Турбин первоначально перекосил злобно лицо и сказал с шипением:
― Так и надо. Так ему, сукину сыну, мрази, и надо. — Потом остановился и тоже рот открыл. — Позвольте… это еще, может быть, так, утки… небольшая банда…
― Утки? — радостно спросил Шервинский. Он развернул „Весть“ и маникюренным ногтем отметил:
„На Бобровицком направлении наши части доблестным ударом отбросили красных“.
― Ну, тогда действительно гроб… Раз такое сообщено, значит, красные Бобровицы взяли.
― Определенно, — подтвердил Мышлаевский.
***
Эполеты на черном полотне. Старая кушетка.
— Ну-с, Юленька, — молвил Турбин и вынул из заднего кармана револьвер Мышлаевского, взятый напрокат на один вечер, — скажи, будь добра, в каких ты отношениях с Михаилом Семеновичем Шполянским?
Юлия попятилась, наткнулась на стол, абажур звякнул… дзинь… В первый раз лицо Юлии стало неподдельно бледным.
― Алексей… Алексей… что ты делаешь?
― Скажи, Юлия, в каких ты отношениях с Михаилом Семеновичем? — повторил Турбин твердо, как человек, решившийся наконец вырвать измучивший его гнилой зуб.
― Что ты хочешь знать? — спросила Юлия, глаза ее шевелились, она руками закрылась от дула.
― Только одно: он твой любовник или нет?
Лицо Юлии Марковны ожило немного. Немного крови вернулось к голове. Глаза ее блеснули странно, как будто вопрос Турбина показался ей легким, совсем нетрудным вопросом, как будто она ждала худшего. Голос ее ожил.
― Ты не имеешь права мучить меня… ты, — заговорила она, — ну хорошо… в последний раз говорю тебе — он моим любовником не был. Не был. Не был.
― Поклянись.
― Клянусь.
Глаза у Юлии Марковны были насквозь светлы, как хрусталь.
Поздно ночью доктор Турбин стоял перед Юлией Марковной на коленях, уткнувшись головой в колени, и бормотал:
― Ты замучила меня. Замучила меня, и этот месяц, что я узнал тебя, я не живу.
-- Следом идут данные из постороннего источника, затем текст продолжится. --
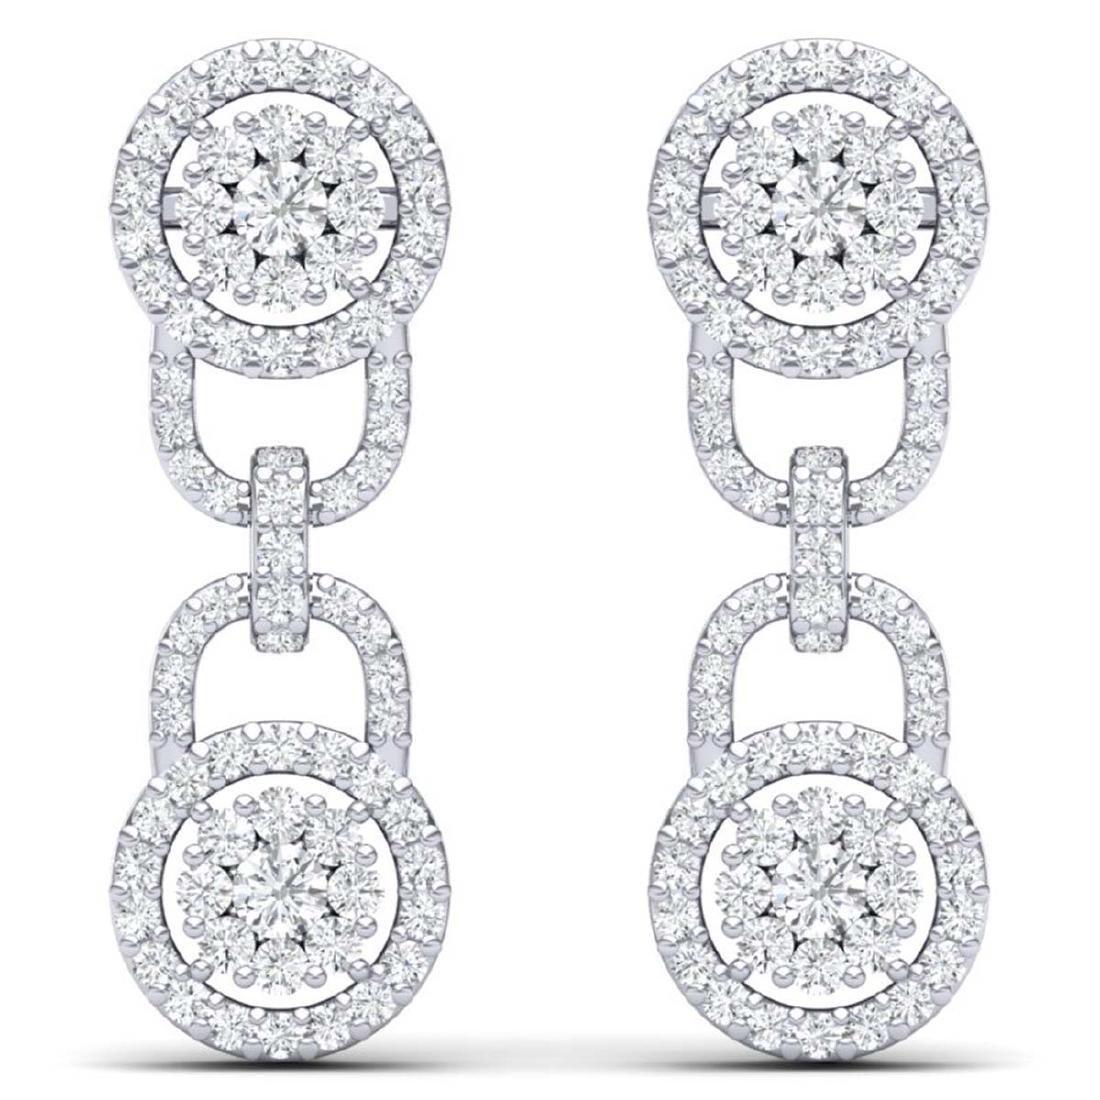 2.30 CTW Certified SI/I Diamond Halo Earrings 18K White - 3

Я тебя люблю, люблю… — страстно, облизывая губы, он бормотал…
Юлия Марковна наклонялась к нему и гладила его волосы.
― Скажи, зачем ты мне отдалась? Ты меня любишь? Любишь? Или же нет?
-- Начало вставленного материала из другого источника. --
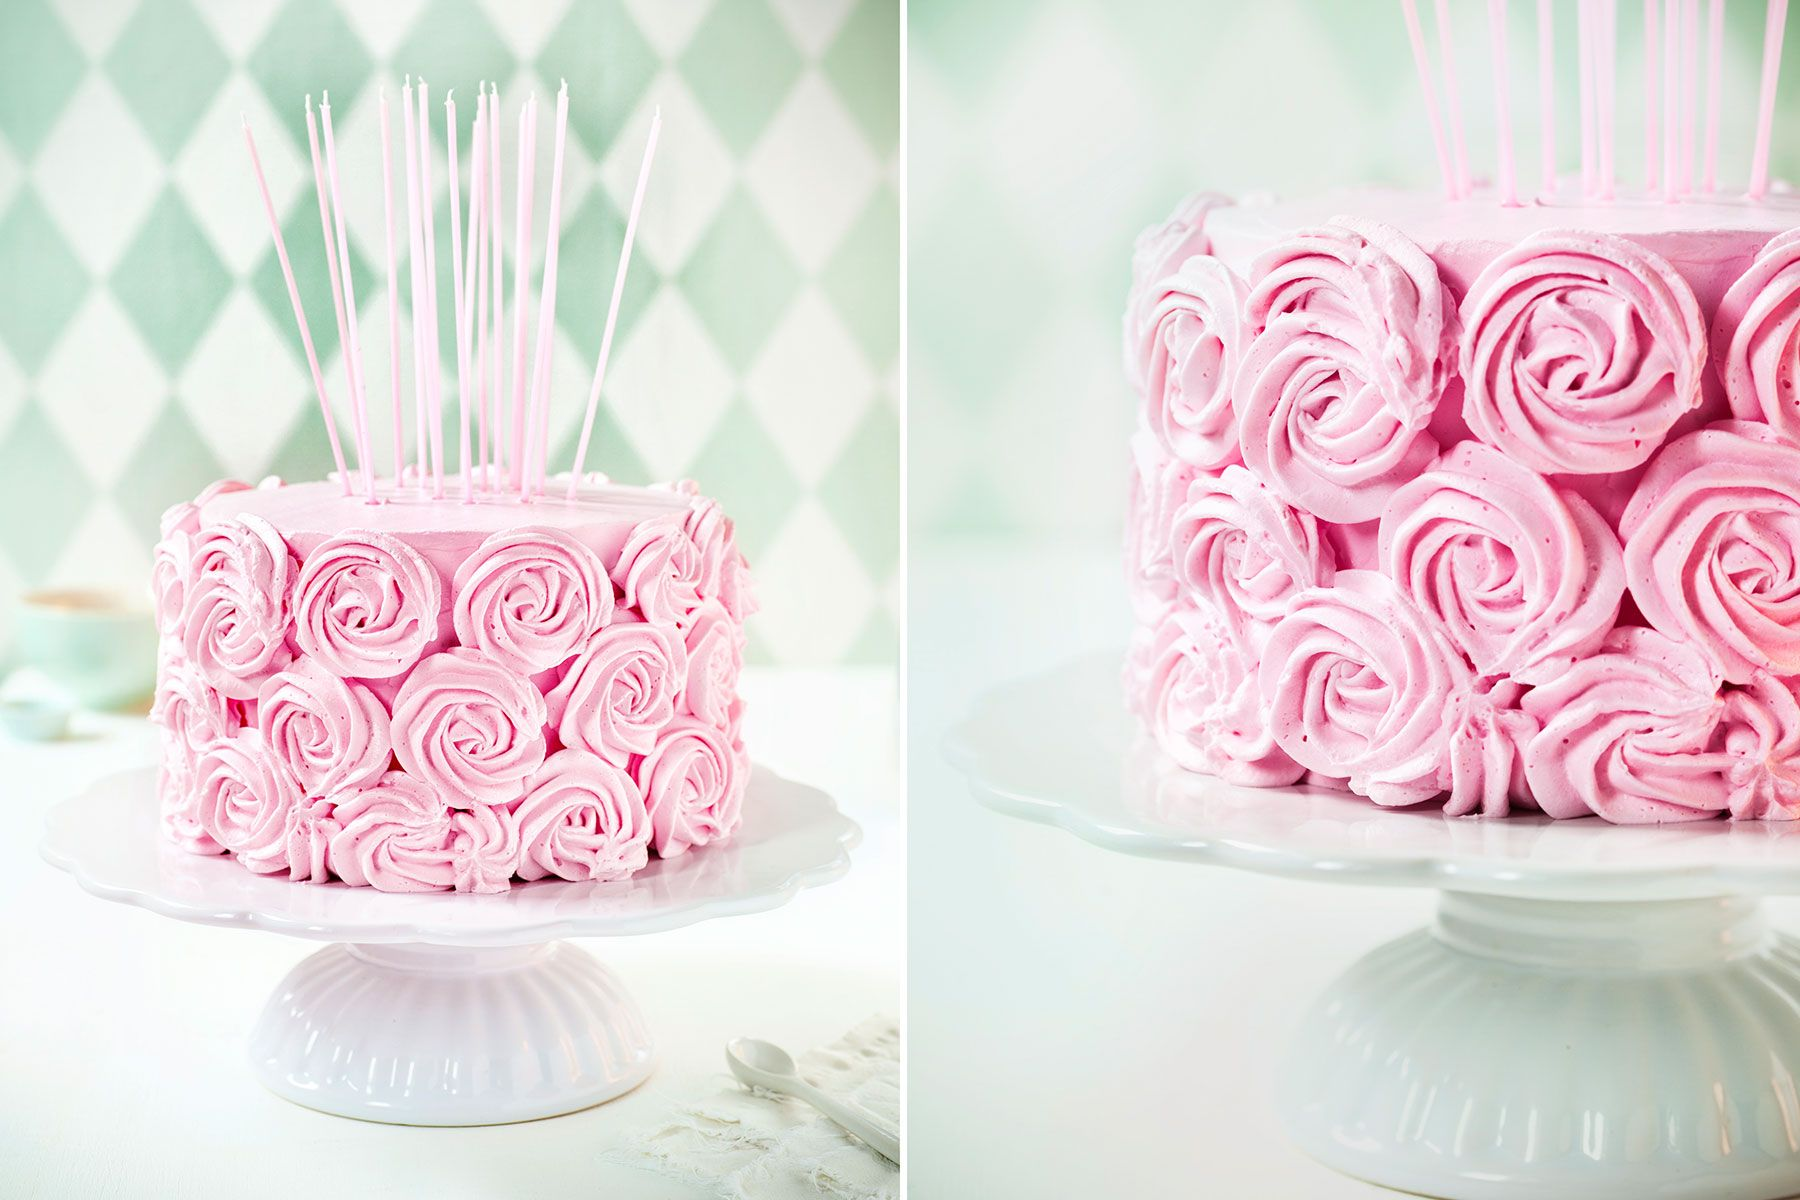 Happy Birthday Ronnie Cake Images

― Люблю, — ответила Юлия Марковна и посмотрела на задний карман стоящего на коленях.
***
Когда в полночь Турбин возвращался домой, был хрустальный мороз. Небо висело твердое, громадное, и звезды на нем были натисканы красные, пятиконечные. Громаднее всех и всех живее — Марс. Но доктор не смотрел на звезды.
Шел и бормотал:
― Не хочу испытаний. Довольно. Только эта комната. Эполеты. Шандал.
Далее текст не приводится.